Algorithm 6.7 (QR decomposition using the Gram-Schmidt process)

Inputs: An \(m \times n\) matrix \(A\).

Outputs: An \(m \times n\) orthogonal matrix \(Q\) and and \(n \times n\) upper triangular matrix \(R\) such that \(A = QR\).

\(R \gets \vec{0}_{n\times n}\)
For \(j = 1, \ldots, n\) do
- For \(i = 1, \ldots, j - 1\) do
  - \(r_{ij} \gets \vec{q}_i \cdot \vec{a}_j\)
- \(\vec{u}_j \gets \vec{a}_j - \displaystyle\sum_{i=1}^{j-1} r_{ij} \vec{q}_i\)
- \(r_{jj} \gets \|\vec{u}_j\|\)
- \(\vec{q}_j \gets \dfrac{\vec{u}_j}{r_{jj}}\)
Return \(Q = (\vec{q}_1, \vec{q}_2, \ldots , \vec{q}_n)\) and \(R\).

Example 6.8

Calculate the QR decomposition of the following matrix using the Gram-Schmidt process

\[\begin{split} \begin{align*} A = \begin{pmatrix} -1 & -1 & 1 \\ 1 & 3 & 3 \\ -1 & -1 & 5 \\ 1 & 3 & 7 \end{pmatrix}. \end{align*} \end{split}\]

Code#

The code below defines a function called qr_gramschmidt() which calculates the QR decomposition of a matrix A using the Gram-Schmidt process.

Python

def qr_gramschmidt(A):
    n = A.shape[1]
    Q, R = np.zeros(A.shape), np.zeros((n,n))
    for j in range(n):
        sum_ = 0
        for i in range(j):
            R[i,j] = np.dot(Q[:,i], A[:,j])
            sum_ += R[i,j] * Q[:,i]

        u = A[:,j] - sum_
        R[j,j] = np.linalg.norm(u)
        Q[:,j] = u / R[j,j]
    
    return Q, R

The Numpy command np.linalg.norm() calculates the magnitude of a vector.

MATLAB

function [Q, R] = qr_gramschmidt(A)

n = size(A, 2);
Q = zeros(size(A));
R = zeros(n);
for j = 1 : n
    sum_ = 0;
    for i = 1 : j - 1
        R(i,j) = dot(Q(:,i), A(:,j));
        sum_ = sum_ + R(i,j) * Q(:,i);
    end
    u = A(:,j) - sum_;
    R(j,j) = norm(u);
    Q(:,j) = u / R(j,j);
end

end

6.5.2. QR decomposition using Householder transformations#

Another method we can use to calculate the QR decomposition of a matrix is by the use of Householder transformations. Consider the diagram in Fig. 6.2 where the vector \(\vec{x}\) is reflected about the hyperplane represented by the dashed line so that it is parallel to the basis vector \(\vec{e}_1 = (1, 0, \ldots, 0)^\mathrm{T}\).

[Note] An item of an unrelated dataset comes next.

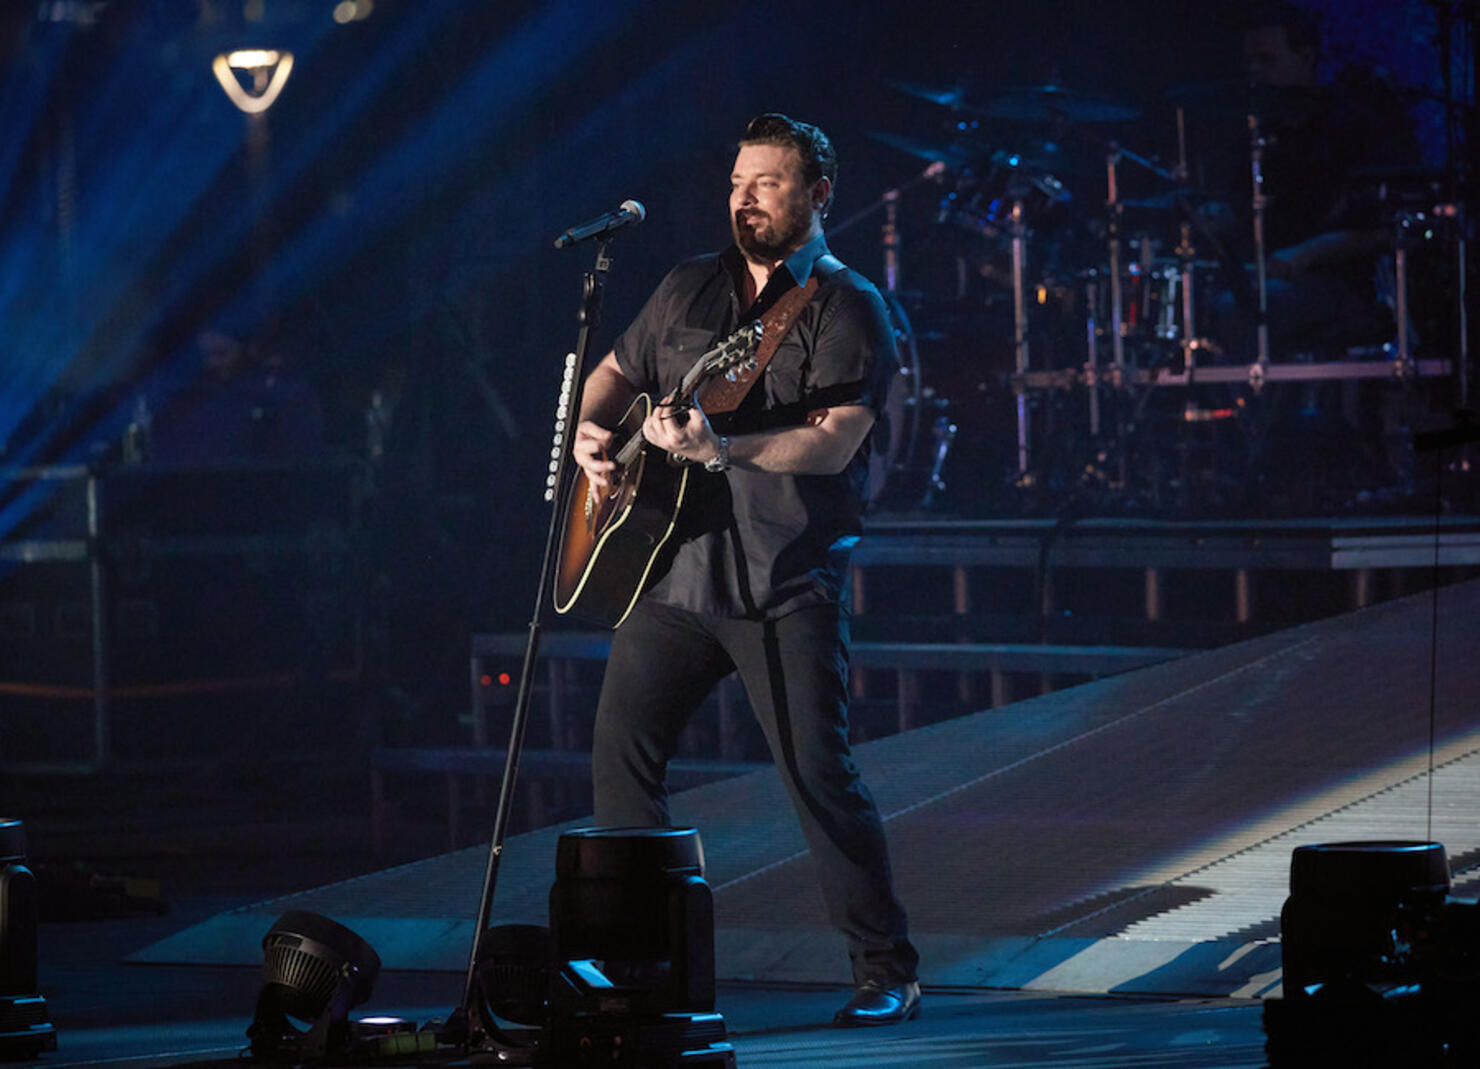 Chris Young Turned His Free Nashville Concert Into A Music Video Shoot

../_images/householder_1.svg — Fig. 6.2 Householder transformation: the vector \(\vec{x}\) is reflected about the dashed line so that it is parallel to the basis vector \(\vec{e}_1\).#

The Householder matrix is an orthogonal matrix that performs the Householder transformation reflection

Definition 6.4 (Householder matrix)

(6.3)#\[ H = I - 2 \vec{v} \vec{v}^\mathrm{T}, \]

where

\[\begin{split} \begin{align*} \vec{u} &= \vec{x} - \|\vec{x}\| \vec{e}_1, \\ \vec{v} &= \frac{\vec{u}}{\| \vec{u} \|}. \end{align*} \end{split}\]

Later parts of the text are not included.